Rectovaginal fistulas (RVFs) and anovaginal fistulas (AVFs) frequently result from obstetric trauma. These fistulas are frequently found in undeveloped countries where prolonged obstructed labor leading to pressure necrosis is more common. They also occur following an unsuccessful primary repair of a third or fourth degree laceration, from unrecognized injury at the time of vaginal delivery, and from episiotomy infection with formation of a fistulous tract.
RVFs may also result from difficult hysterectomies, especially those performed for severe endometriosis with involvement or obliteration of the posterior cul-de-sac (pouch of Douglas), and from surgical procedures involving the posterior vaginal wall, perineum, anus, and rectum. Inflammatory bowel disease, such as Crohn's disease and ulcerative colitis, is another important cause of RVFs in women . In elderly women, RVFs can occur as the result of diverticulitis, colon cancer, or fecal impaction. Vaginal trauma, induced by a retained foreign body such as a Pessary can also result in RVFs . In addition, operative procedures that incorporate the use of transvaginal and perineal mesh placement to repair pelvic organ prolapse have resulted in rectovaginal fistula .
Fistula-in-ano describes a communication between the anal canal and the perianal skin or perineum. These fistulas are typically initiated by an infection such as an anal abscess, trauma, anal fissure, or Crohn's disease, or as a complication of episiotomy . Anatomically, the fistula may originate anywhere below the dentate line internally and exists externally along the perianal skin or perineum. Histologically, fistula-in-ano differs from AVFs in that the fistulous tract is typically lined with chronically inflamed granulation tissue, rather than the epithelialized tract typical of anovaginal and RVFs.

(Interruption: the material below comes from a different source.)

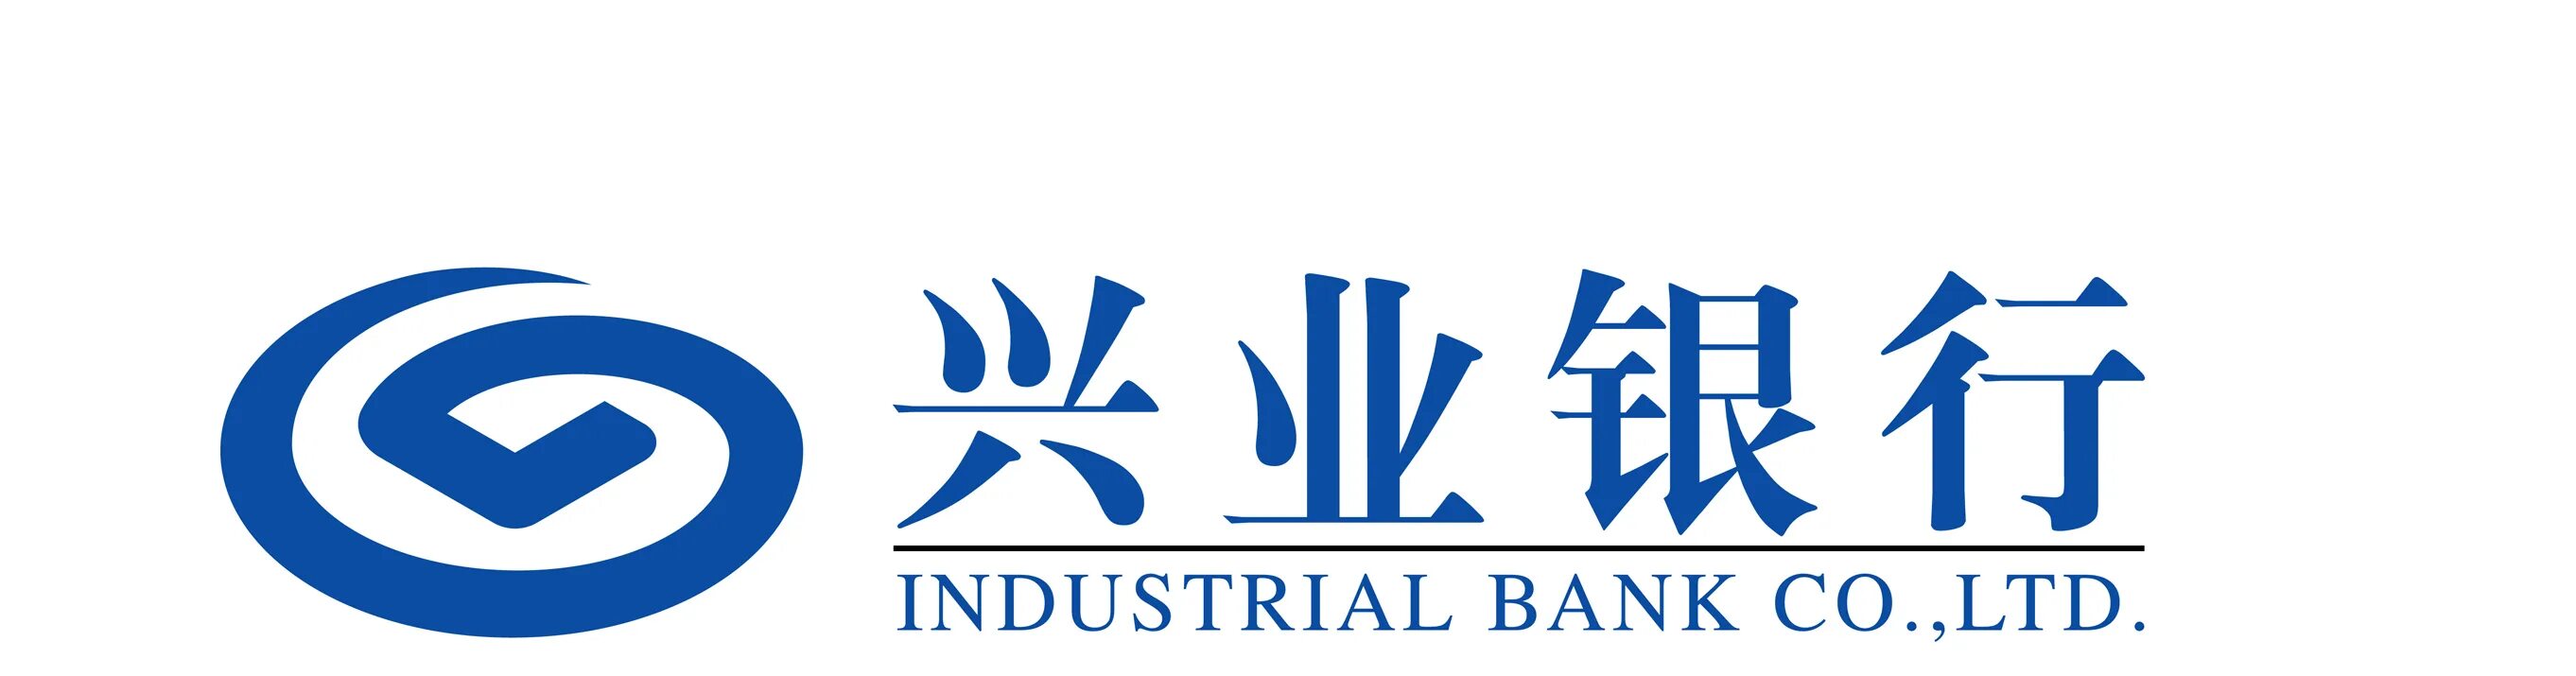 Bank of China logo. Экспортно-импортный банк Китая (the Export-Import Bank of China). Industrial Bank of Korea. Urals Financial and Industrial Bank логотип.

Women suffering from anovaginal (AVFs) or rectovaginal fistulas (RVFs) present with complaints of uncontrollable passage of gas or feces from the vagina. A malodorous vaginal discharge and fecal soiling of the undergarments are also common complaints. Symptoms may be more pronounced when bowel movements are loose. Occasionally, a small fistula may be asymptomatic. It is important to inquire about fecal urgency and fecal incontinence associated with urgency as this often suggests that the external anal sphincter is also disrupted. (See "Delayed surgical management of the disrupted anal sphincter".)
Clinically, fistula-in-ano differs from AVF and RVF in that rectal and/or vaginal pain is a prominent symptom with fistula-in-ano, and may reflect its chronic inflammatory etiology. It is characterized by chronic purulent drainage or cyclical pain. Palpation of the fistula tract is very uncomfortable for the patient with a fistula-in-ano, in contrast to the relatively painless tract of a rectovaginal or anovaginal fistula. The course of a fistula-in-ano can be complex and circuitous with one or more blind sinus tracts. Their location is usually lateral from the midline, whereas most AVFs and RVFs are located close to the midline (related to their obstetric origin).